Three men’s sports received one minute or more of primetime coverage. Swimming, which featured American Bobby Finke’s gold in the 1,500 freestyle, Caeleb Dressel’s gold in the 50 freestyle, and Team USA setting a world record while winning gold in the 4×100 medley relay, dominated the men’s coverage with more than 51 minutes. Golf had more than 3 minutes of final round of play, and track and field clocked in more than 2 minutes of coverage.
Four women’s sports had more than one minute of primetime coverage. Beach volleyball, with over 49 minutes, had the most airtime. Track and field had more than 25 minutes devoted to the 100 meter dash semifinals and the finals. Swimming, which included a Team USA silver in the 4×100 medley relay, received more than 18 minutes of coverage while gymnastics had exactly one minute of airtime focusing on a Simone Biles update.
The mixed sex events were equestrian (37 seconds) as well as coverage of two new events: Mixed Team Judo (29 seconds) and Mixed Trap Team in Shooting (27 seconds).

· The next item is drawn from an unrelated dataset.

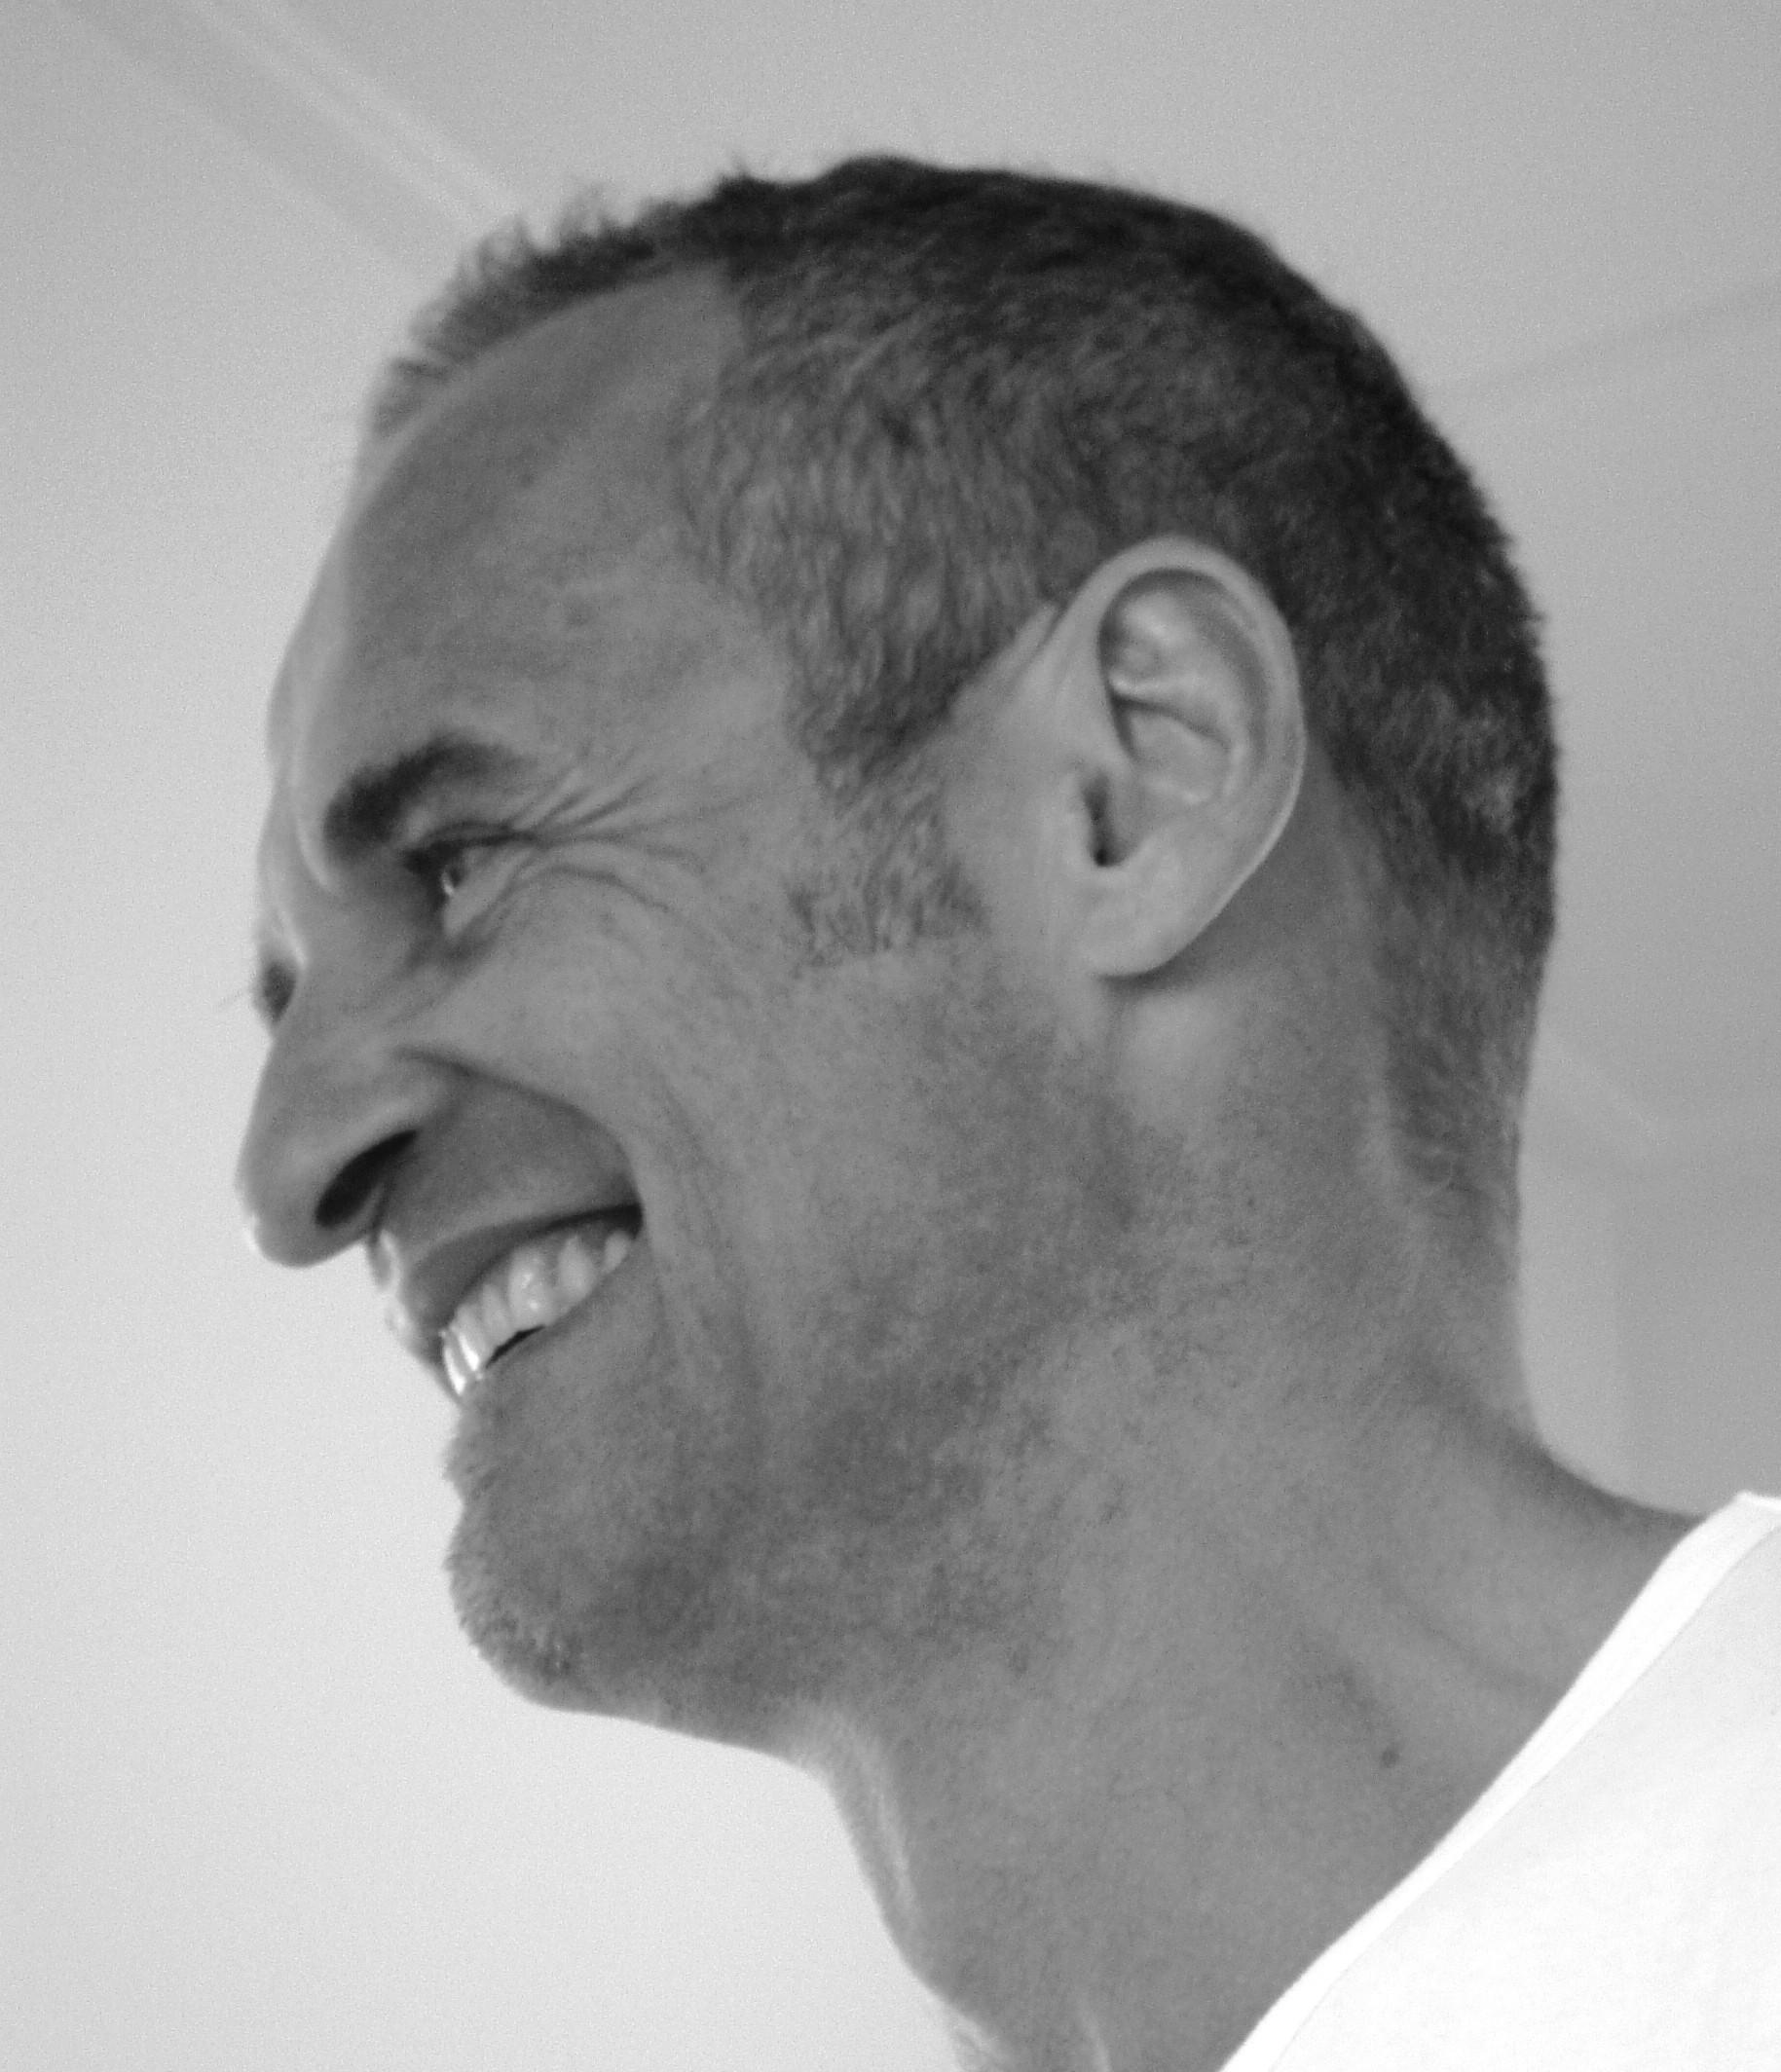 Günter Pütz

Overall, men’s events received 38.20% of the coverage on Saturday night, compared to 60.81% for women. Mixed sex events received 0.99% of the coverage.

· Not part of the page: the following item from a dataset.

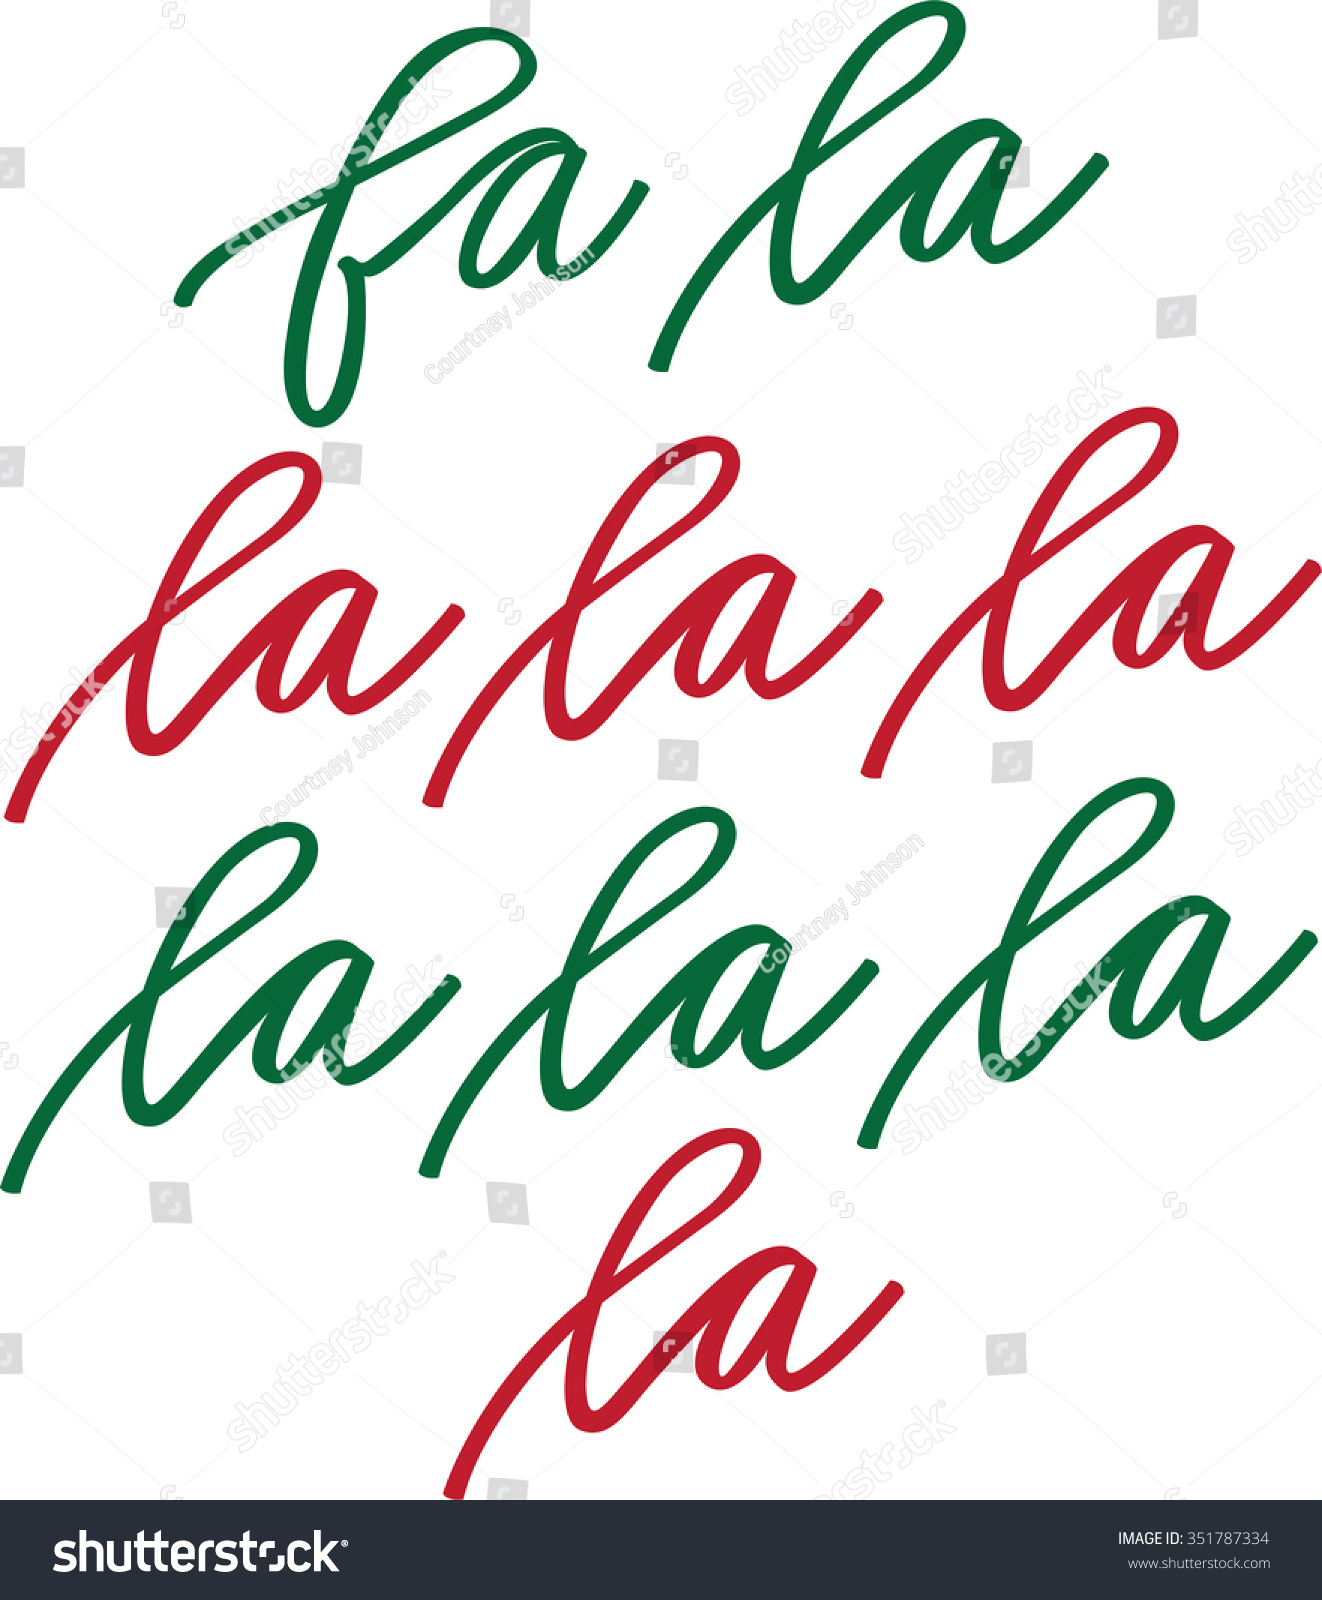 Fa La La La La Stock Vector 351787334 - Shutterstock

When mixed sex events are excluded, men have received 42.49% of the coverage, compared to 57.51% for women.
Regular updates about NBC’s coverage of men and women athletes will be posted throughout the 2021 Tokyo Summer Games on FiveRingTV.com.
Additional updates will be posted on the @FiveRingTV Twitter feed.
A mid-Olympic report, with complete sport-by-sport coverage breakdowns for the first seven nights of the Tokyo Olympic Games is posted here.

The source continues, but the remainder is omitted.